Claudio Martella gives a quick overview of Pregel “clones,” Apache Hama, GoldenOrb, Giraph, and Phoebus.

Claudio concludes:

So, here it is, fire up your Hadoop pseudo-cluster and get back to me if you have something to add.

Graph Processing versus Graph Databases

Tuesday, August 30th, 2011

Graph Processing versus Graph Databases

Jim Webber describes the different problems addressed by graph processing and graph databases. Worth reading so you will pick the correct tool for the problem you are facing.

Webber visualizes the following distinctions:

What Pregel and Hadoop have in common is their tendency towards the data analytics (OLAP) end of the spectrum, rather than being focussed on transaction processing.
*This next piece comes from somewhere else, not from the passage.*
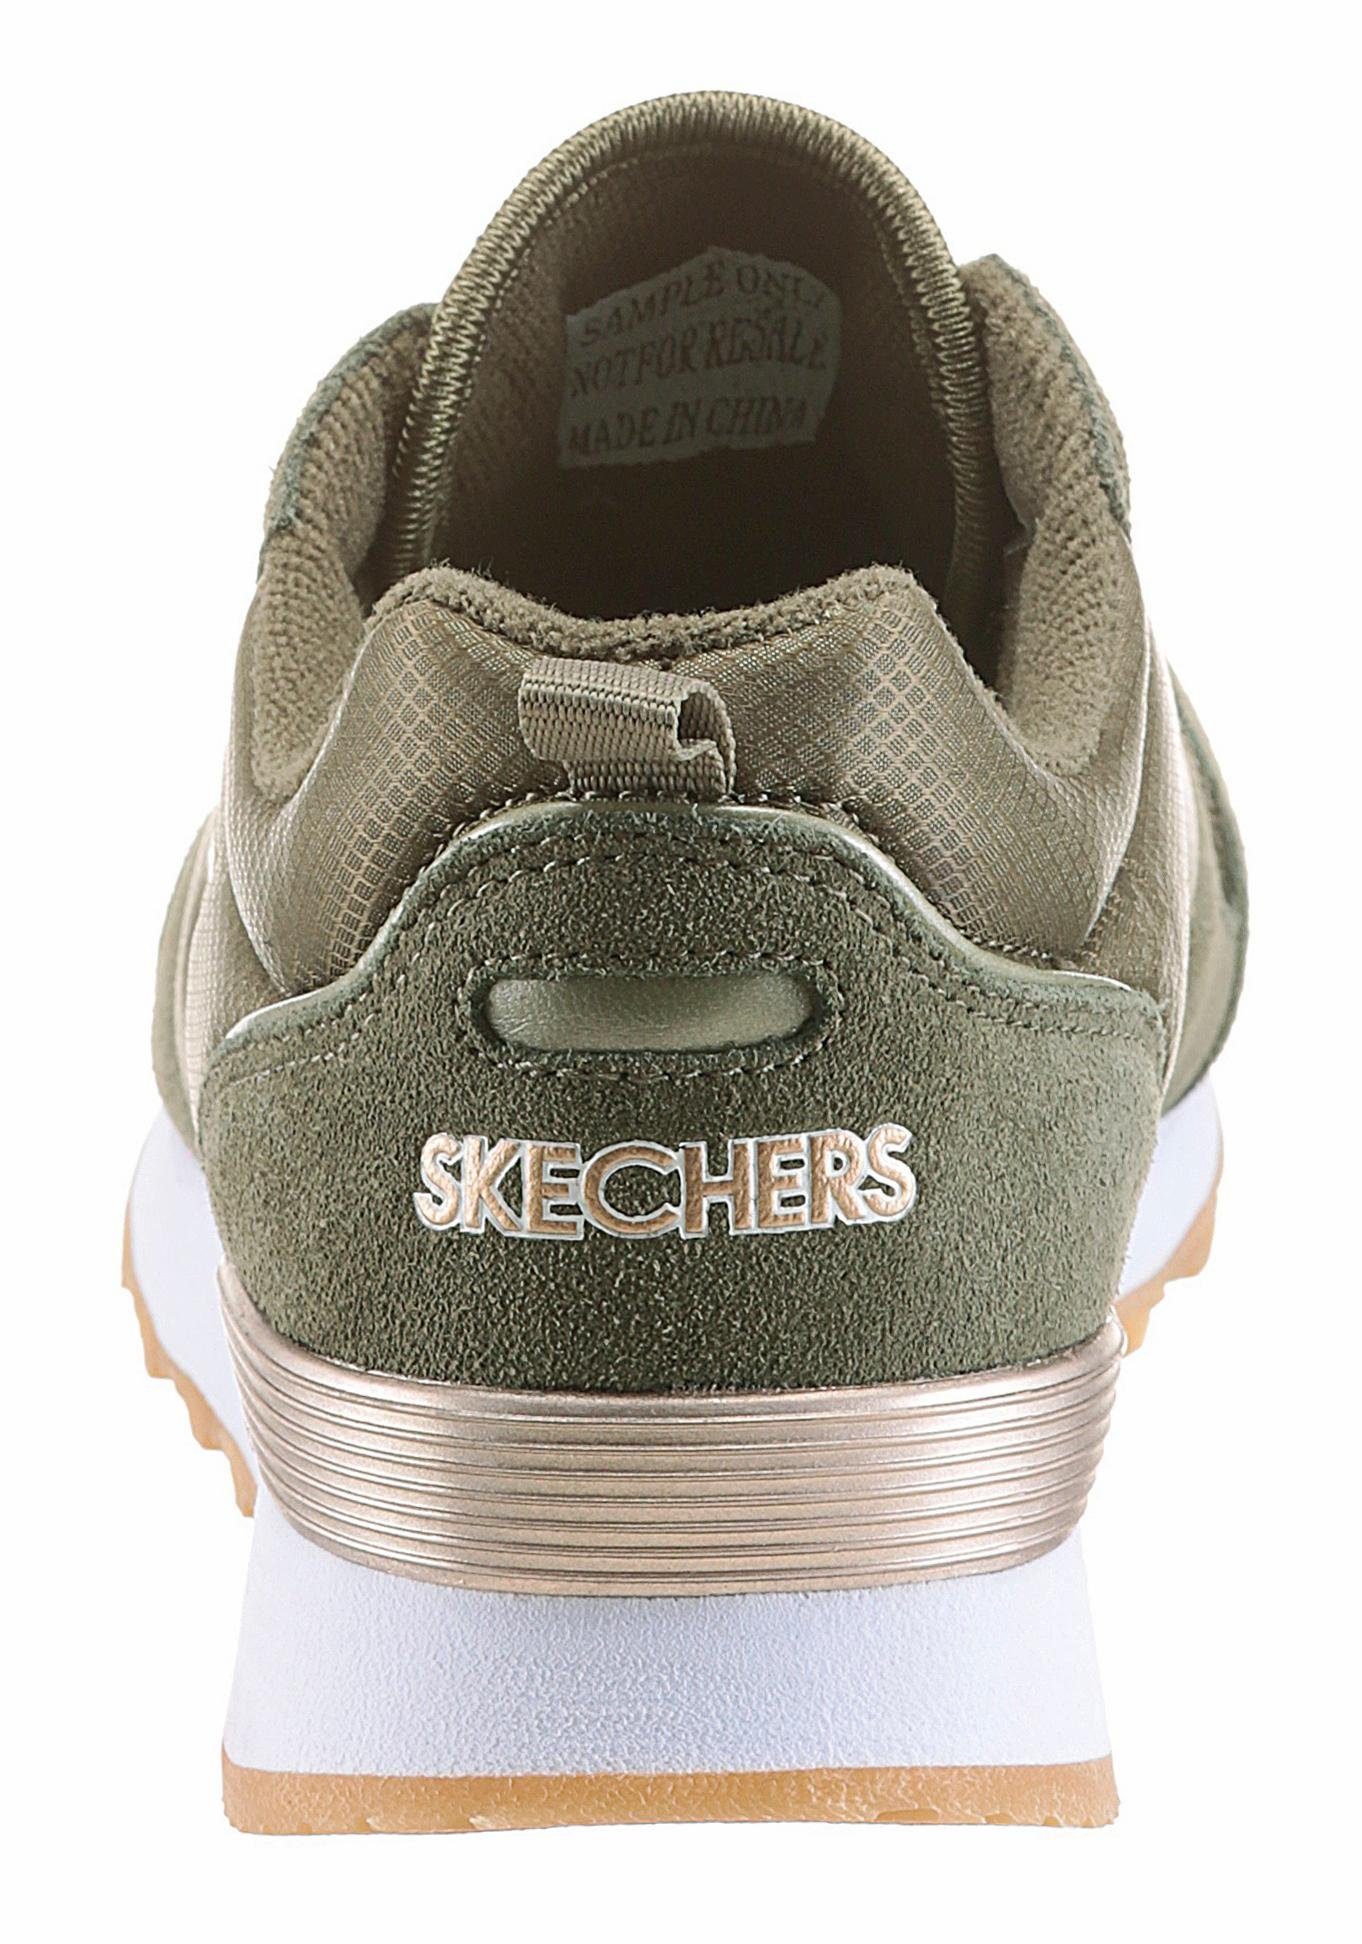 Skechers OG 85 - GOLDN mit Foam GURL Ausstattung Air-Cooled komfortabler Sneaker olivgrün Memory
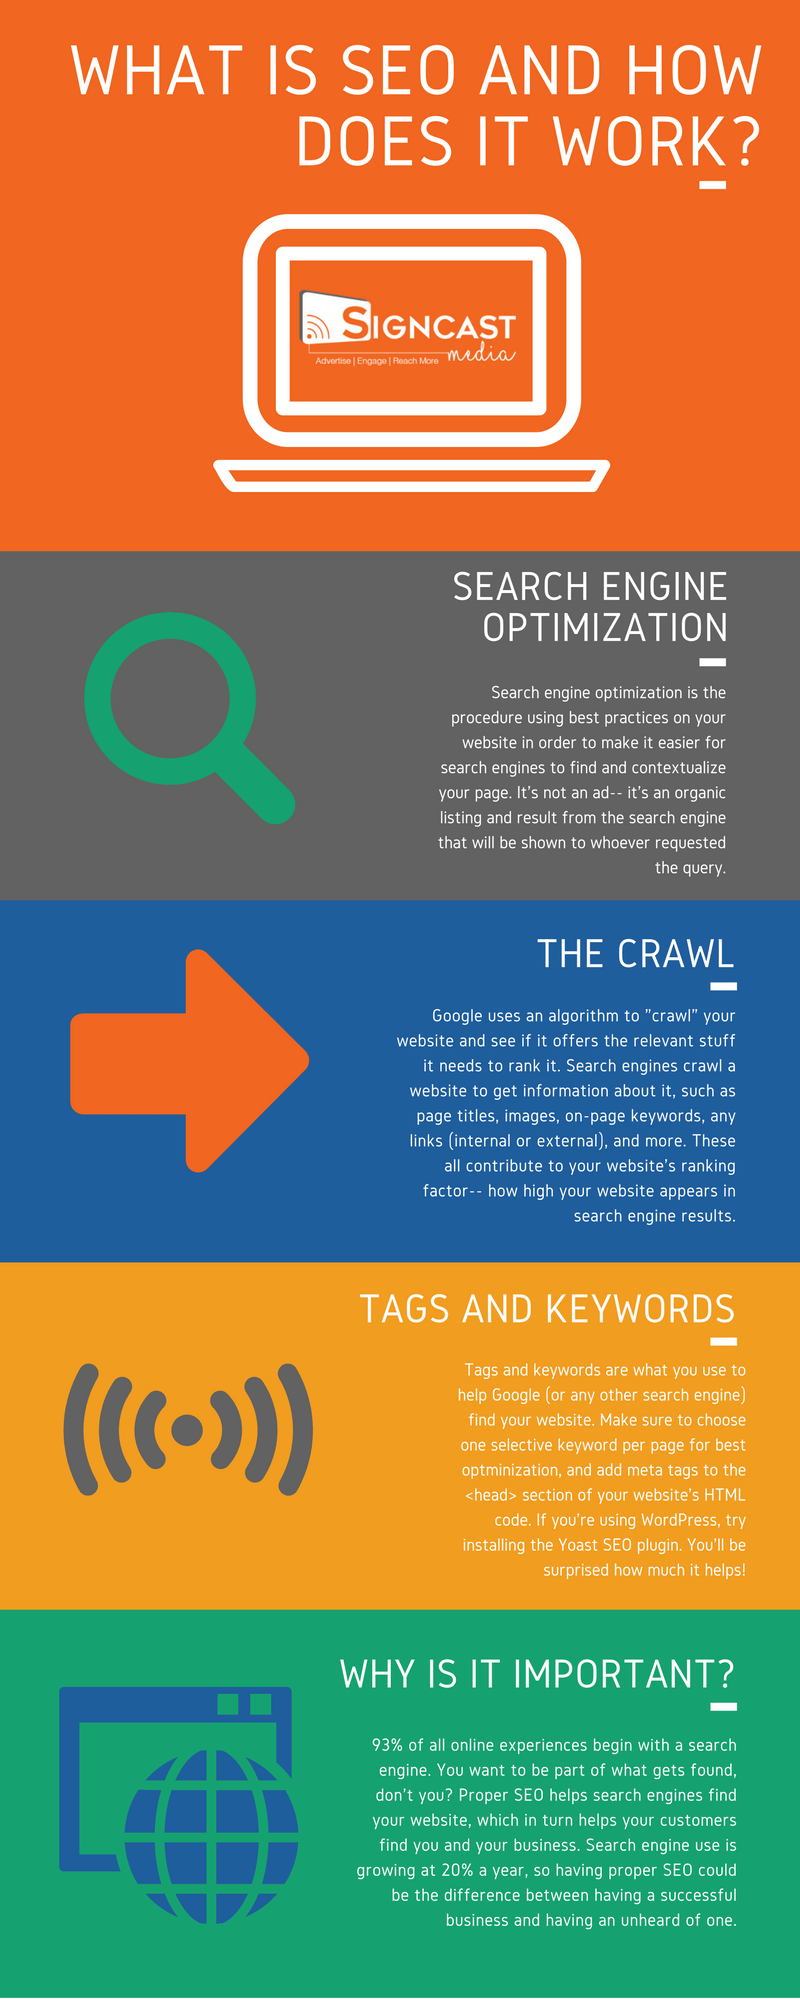 signcast media search engine optimization the crawl tags keywords meta data

This is in stark contrast to graph databases like Neo4j which optimise storage and querying of connected data for online transaction processing (OLTP) scenarios – much like a regular RDBMS, only with a more expressive and powerful data model.

See the post for the graphic.

Hama

Sunday, April 3rd, 2011

Hama

Apache Incubator project that describes itself as:

Hama is a distributed computing framework based on BSP (Bulk Synchronous Parallel) computing techniques for massive scientific computations.

A little better explanation appears on the Hama blog when answering the question: “How will Hama BSP different from Pregel?:”

Hama BSP is a computing engine, based on BSP model, like a Pregel, and it’ll be compatible with existing HDFS cluster, or any FileSystem and Database in the future. However, we believe that the BSP computing model is not limited to a problems of graph; it can be used for widely distributed software such as Map/Reduce. In addition to a field of graph, there are many other algorithms, which have similar problems with graph processing using Map/Reduce. Actually, the BSP model has been researched for many years in the field of matrix computation, too. http://blogs.apache.org/hama/

Wikipedia has a short article on Bulk synchronous parallel (BSP) computing techniques with some references.